I'm going to turn that over to Doctor. Rodino Klapac, who I'm sure can answer that more robustly than I can answer it.
We have planned the GMP production to be able to service the number of patients in the planned Cohort C trial. It's expandable to be able to meet those demands.
Sorry, just so one lot, just wanted to make sure I understand correct. So one lot of production, is that enough for 6 patient or 4 patient?
It's enough for the Cohort C trial as planned.
Okay. So one lot is enough for 24 patient?
It wouldn't be 24 just so we're clear because remember
12 patient. Yes. Yes. Yes. Yes.
Yes.
Yes. Yes. Yes. Yes.
Update regarding the Braemobile, are you planning I would assume at some stage you will use the commercial product with the collaboration with Brammer Bio, right? Just wondering like at what stage you will start to use their product and then do the comparison in terms of the dosing commercial versus GMP grade even though it's different commercial and clinical grade?
Excellent. So I can't give a precise date. I can tell you we're working diligently with Brammer on the tech transfer and the buildup. The study will commence and the initial patients will all be dosed on clinical supply from Nationwide Children's Hospital. We will be able to dose with commercial supply next year.

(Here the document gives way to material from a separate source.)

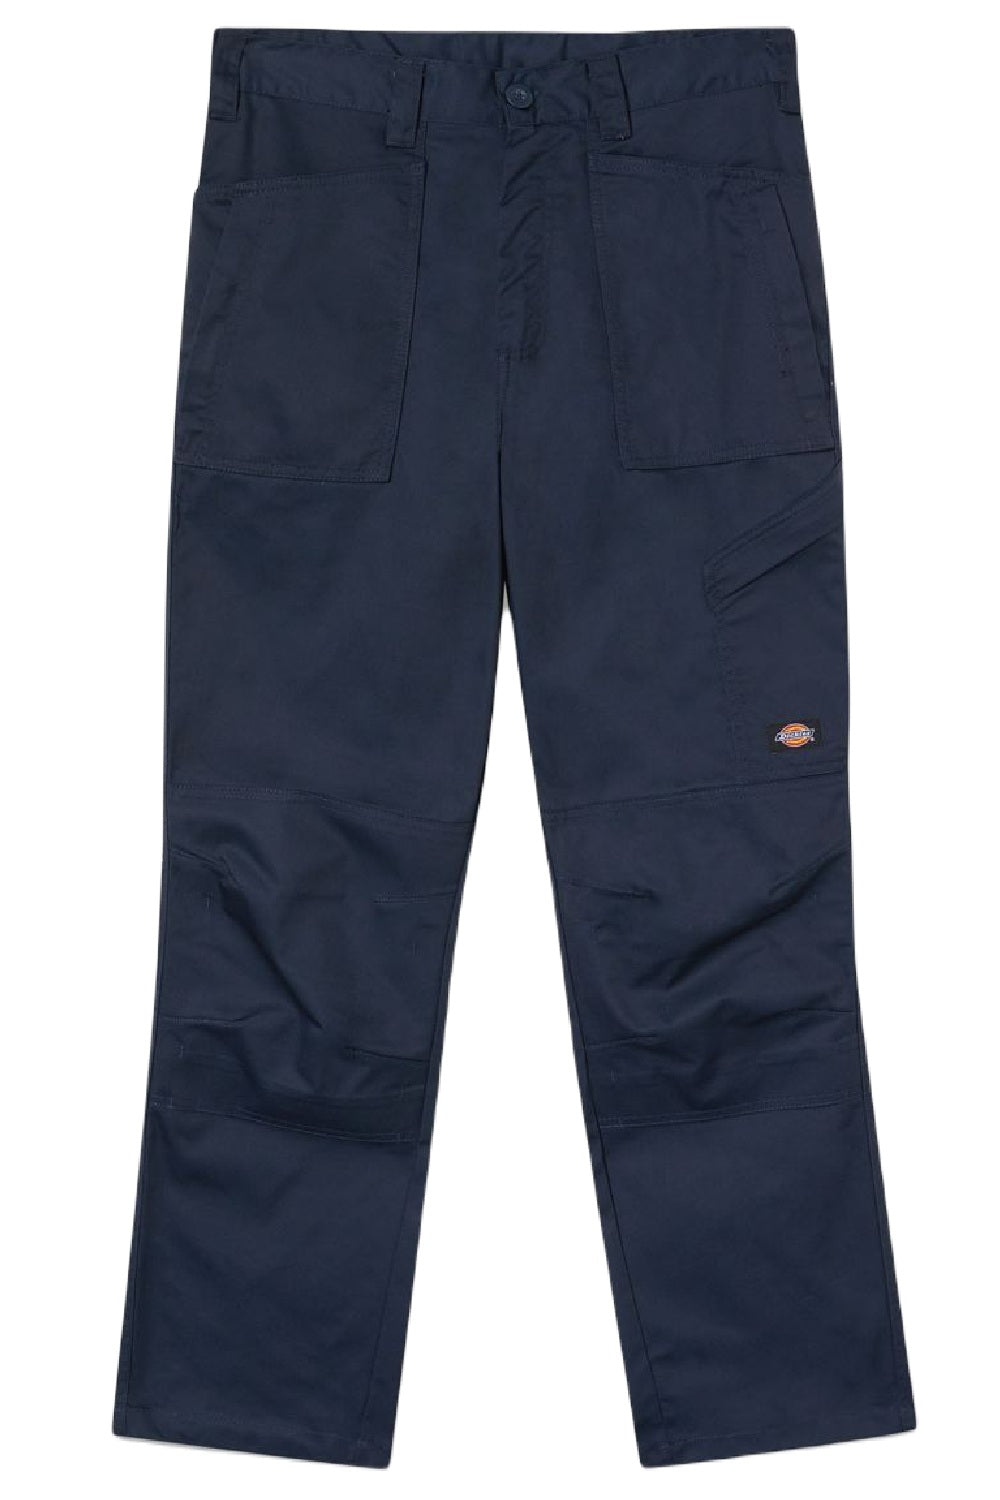 Dickies Action Flex Trousers in Navy Blue
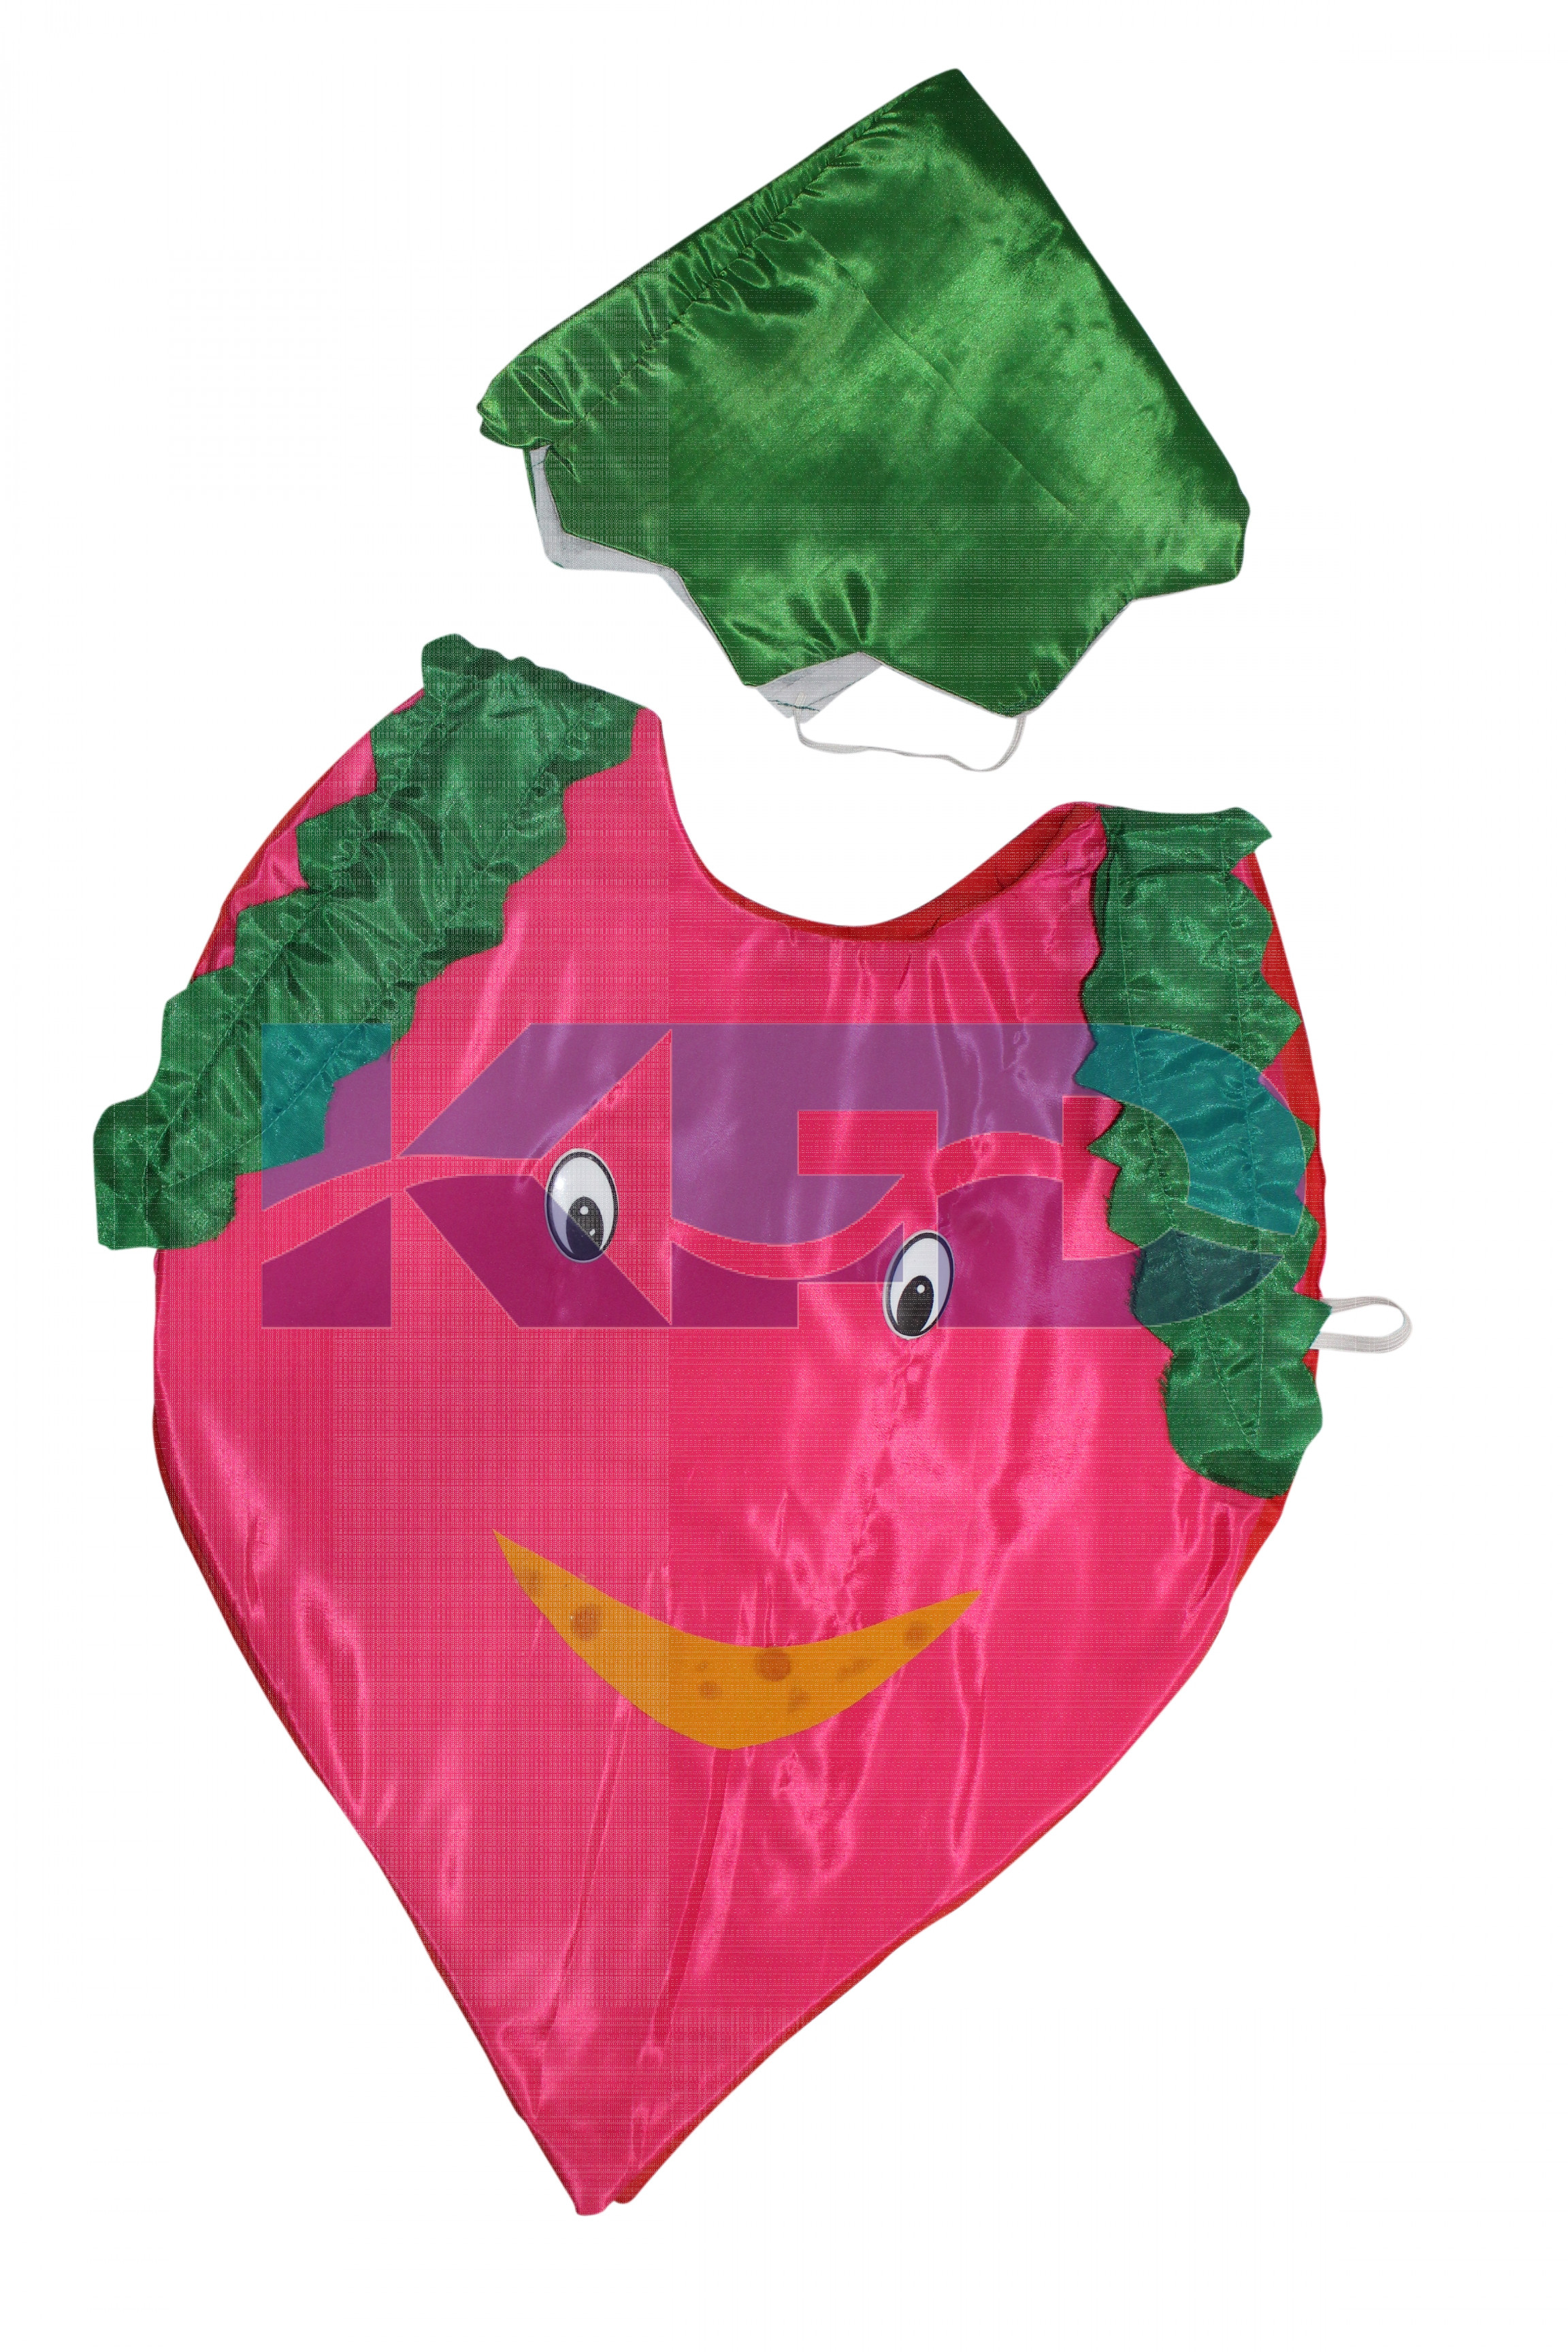  Onion Vegetables Costume only cutout with Cap for Annual function/Theme Party/Competition/Stage Shows/Birthday Party Dress

So there's an opportunity. As I've mentioned, there will be all subject to additional discussions with the FDA, a number of different potential cohorts that we're going to have along the way to the approval of the therapy and we can dose one of those cohorts with commercial product. And certainly we have at 1 year, we'll have a crossover where all of the placebo patients will have the opportunity to get on gene therapy off of placebo and the commercial supply will be available for that.
And our next question comes from line of Joseph Schwartz from Leerink Partners. Your line is now open.
Hey, Doug. Thanks for taking the follow-up. Just switching gears a little bit. So the other program Limb Girdle, the first program is scheduled to initiate sometime this quarter. Just wondering if today's announcement has any impact to that program at all?
And if that will be a wait and see approach or if that's on cruise control mode at this point? Thanks.
Well, these are early days, so I don't want to overstate things. I can tell you the clinical hold is very specific to our program with micro dystrophin. We don't have any lot associated with the Limb Girdle program that have been out of spec in any way. Awesome.
Thanks for taking the follow-up.
Thank you so much.
And I'm currently seeing no further questions. I would now like to turn the call back to Doug Ingram for any closing remarks.
Well, thank you again all of you for joining us on the call this evening. We look forward to your participation in our Q2 earnings call scheduled for Wednesday, August 8, 2018 at 4:30 pm Eastern Time. Have a good evening.
Ladies and gentlemen, thank you for your participation in today's conference. This concludes today's program and you may all disconnect. Everyone have a great day.